I thought things were quieting down (see this post), but Cornell University student journalists, taking note of the sexual harassment case that has “garnered widespread attention in academia and elsewhere,” have now attempted to ask three Cornell professors why they signed the now-notorious letter (“a terrible letter,” writes Masha Gessen in the New Yorker) defending the harasser.

Two of the professors responded like Donald Trump when asked by reporters about John McCain.

[Cathy] Caruth and [Cynthia] Chase declined to be interviewed by The Sun… Caruth said she understands “the general interest in this letter, but I feel it is too complex to be handled adequately through an interview for an article.”

The familiar too complex move – with its evasion, condescension, and self-aggrandizement – puts Caruth solidly in the Slytherin camp among the now-squabbling letter signers.

(Update: Here’s a whole analysis of the way the too complex bit has been used in this case.)

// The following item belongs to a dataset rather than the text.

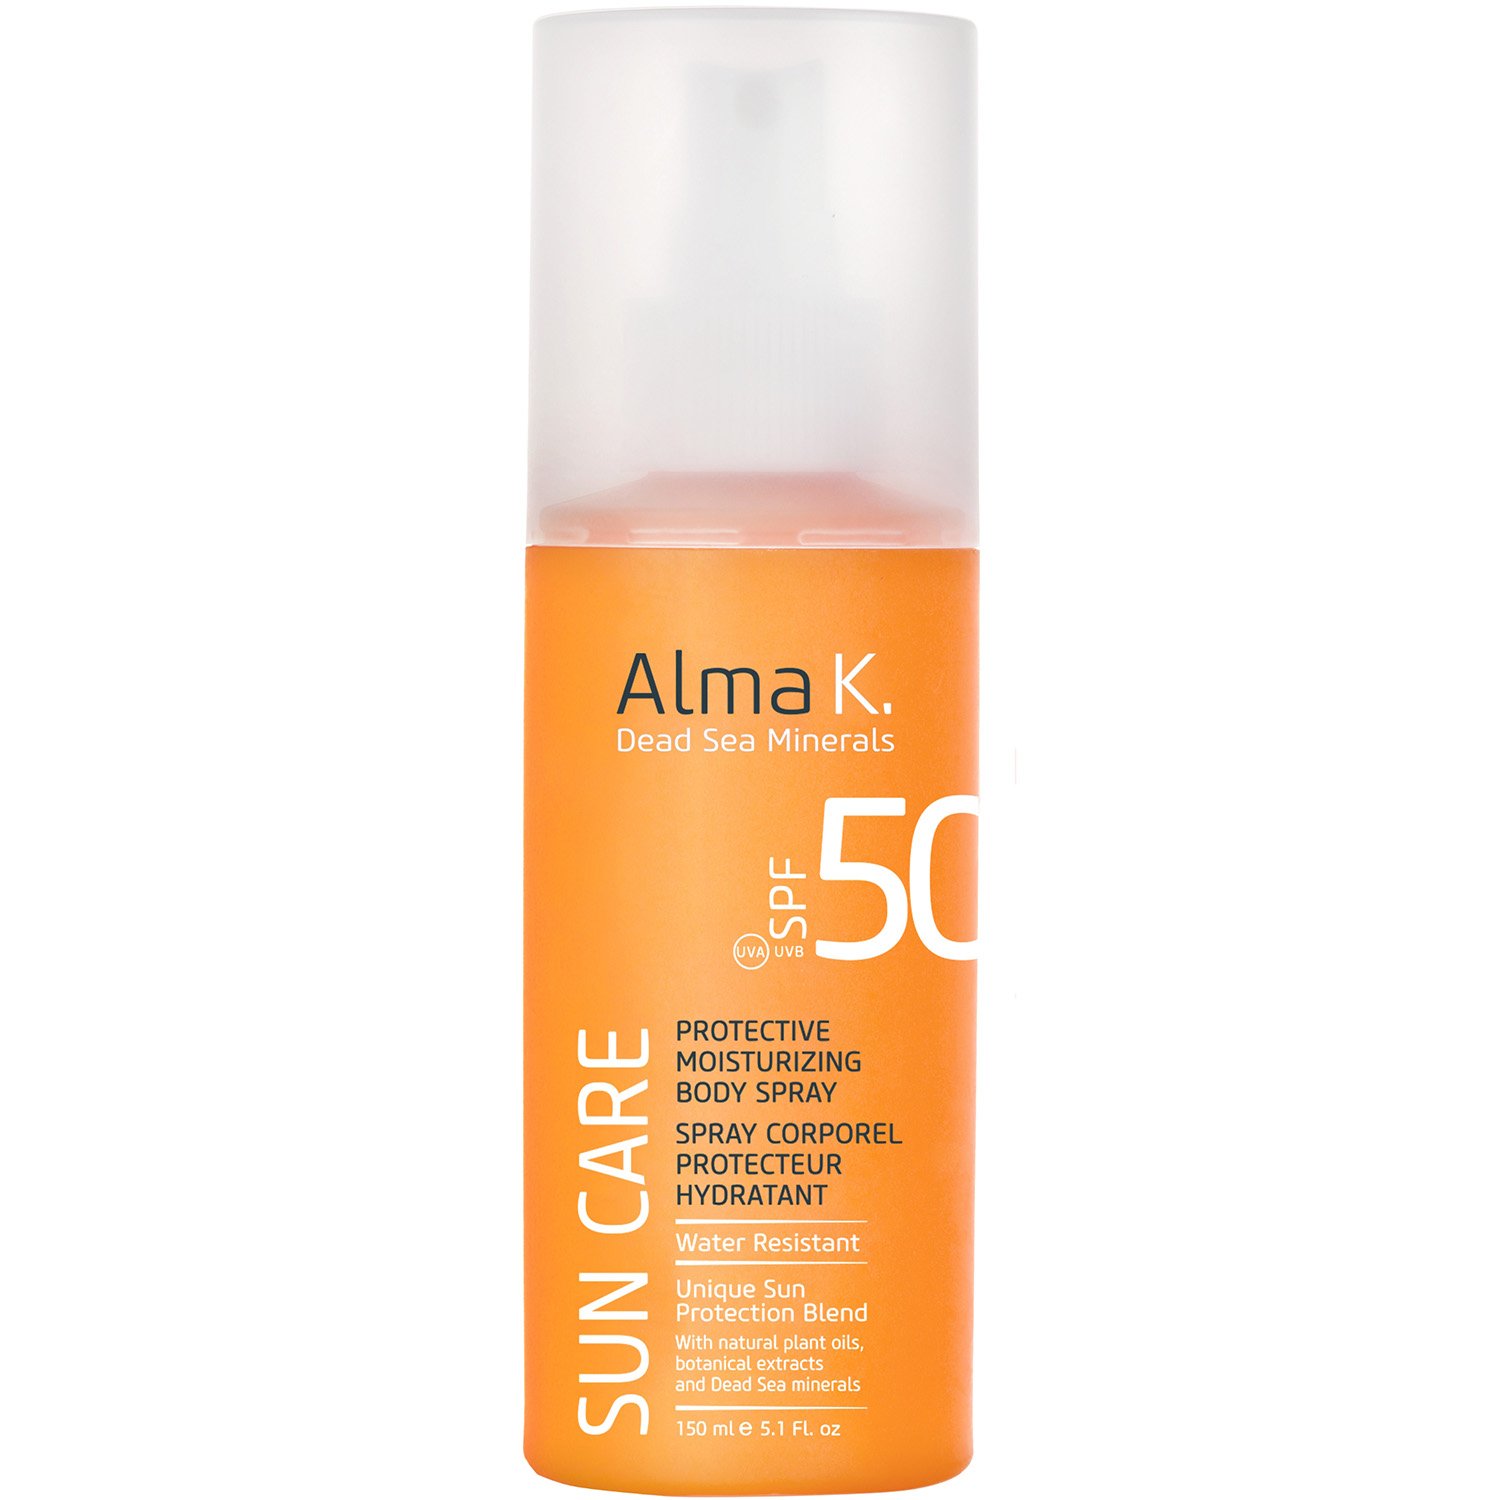 Сонцезахисний спрей для тіла Alma K Sun Care Protective Moisturizing Body Spray SPF 50, 150 мл (121591) - фото 1
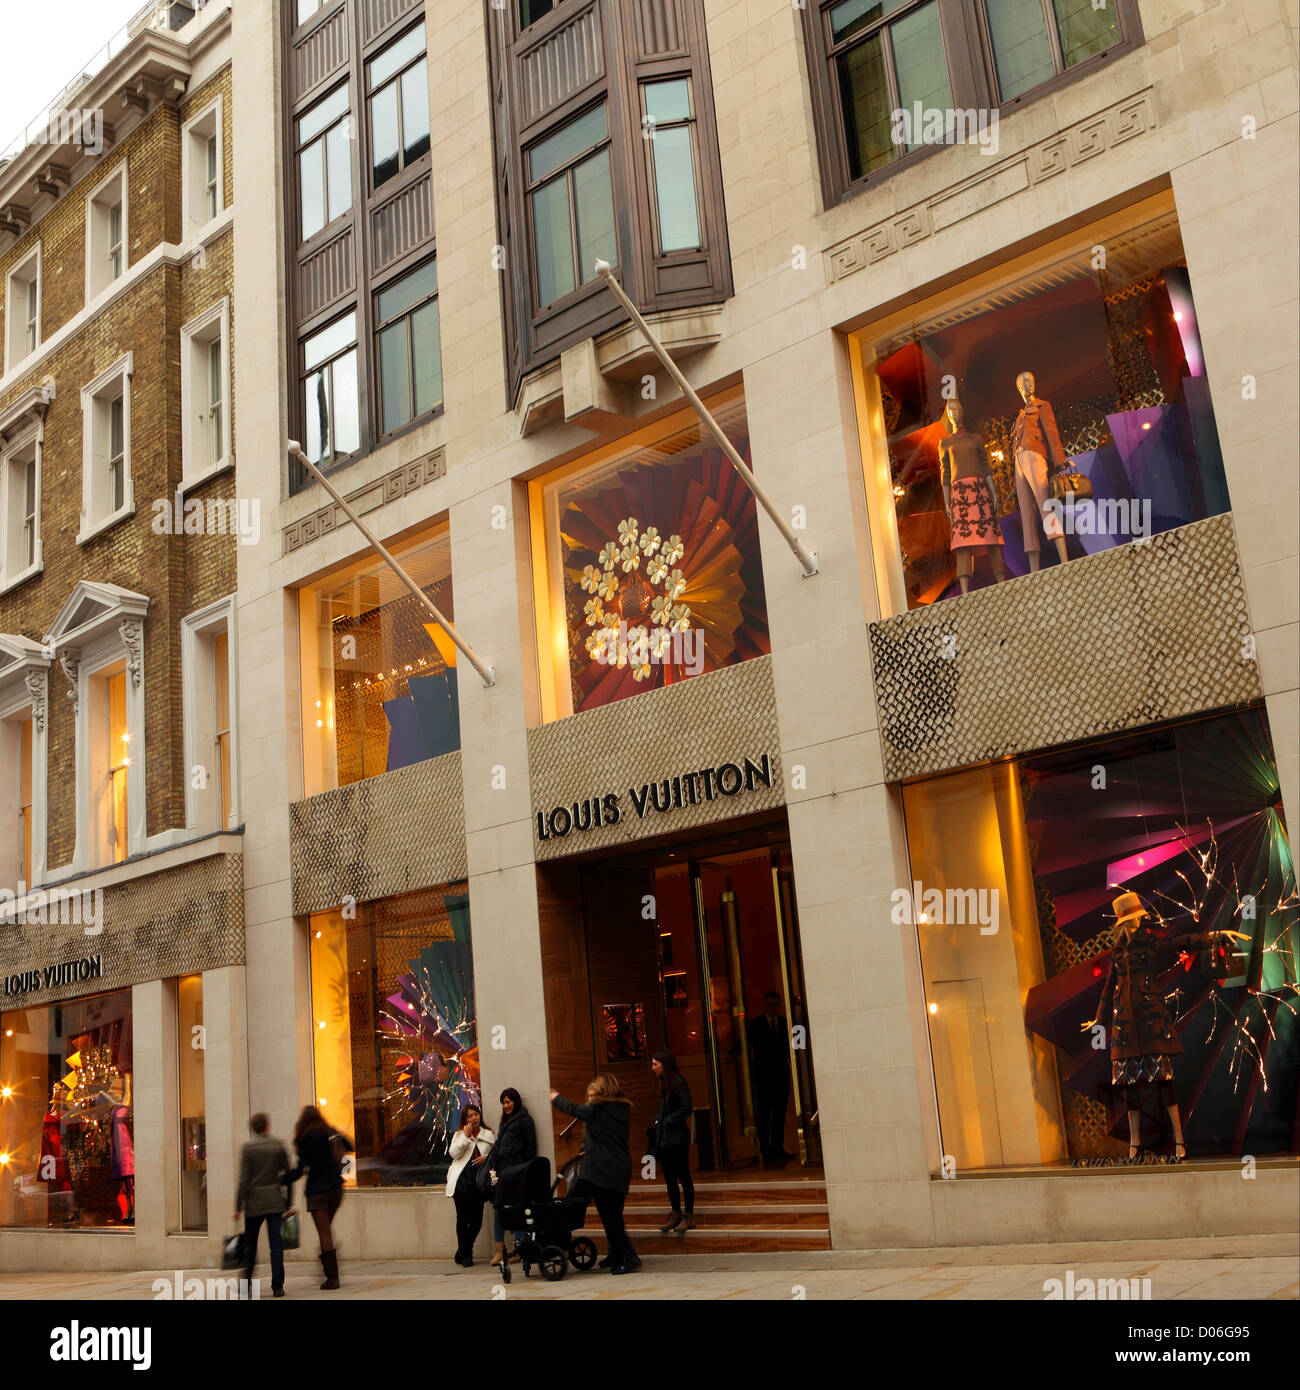 Louis Vuitton eröffnet exklusivsten Flagship-Store Europas in

Slytherin because of what David Lehman memorably called the “slithering elusiveness” of the deconstructive analytical/argumentative method.

Rather than deal forthrightly with moral questions, you slither away by talking about complexity, or enigmatic gay coding, or the instability of signifiers. (The model here is Derrida’s 62-page dance around the obviousness of his friend Paul de Man’s wartime – lifetime, as it would turn out – degeneracy. “Borrowing Derrida’s logic, one could deconstruct Mein Kampf to reveal that its author was conflicted on the subject of the Jews,” as Lehman wrote.)

The Ravenclaws among the letter writers go the other way, seemingly forgetting everything they’ve learned and taught about a world of indeterminacy/performativity, and instead going right in for the linguistically transparent kill. “If any of the sexual contact alleged by the complainant had taken place,” writes Jonathan Culler to the Cornell reporter, “there would doubtless have been references to it in the emails,” and he doesn’t find any, so case closed. “If he effectively felt oppressed and harassed, there were ways of signalling this, which would have definitely not hurt his position,” announces Slavoj Zizek, taking up an astonishingly naive univocal position on the matter of language, not to mention cause and effect.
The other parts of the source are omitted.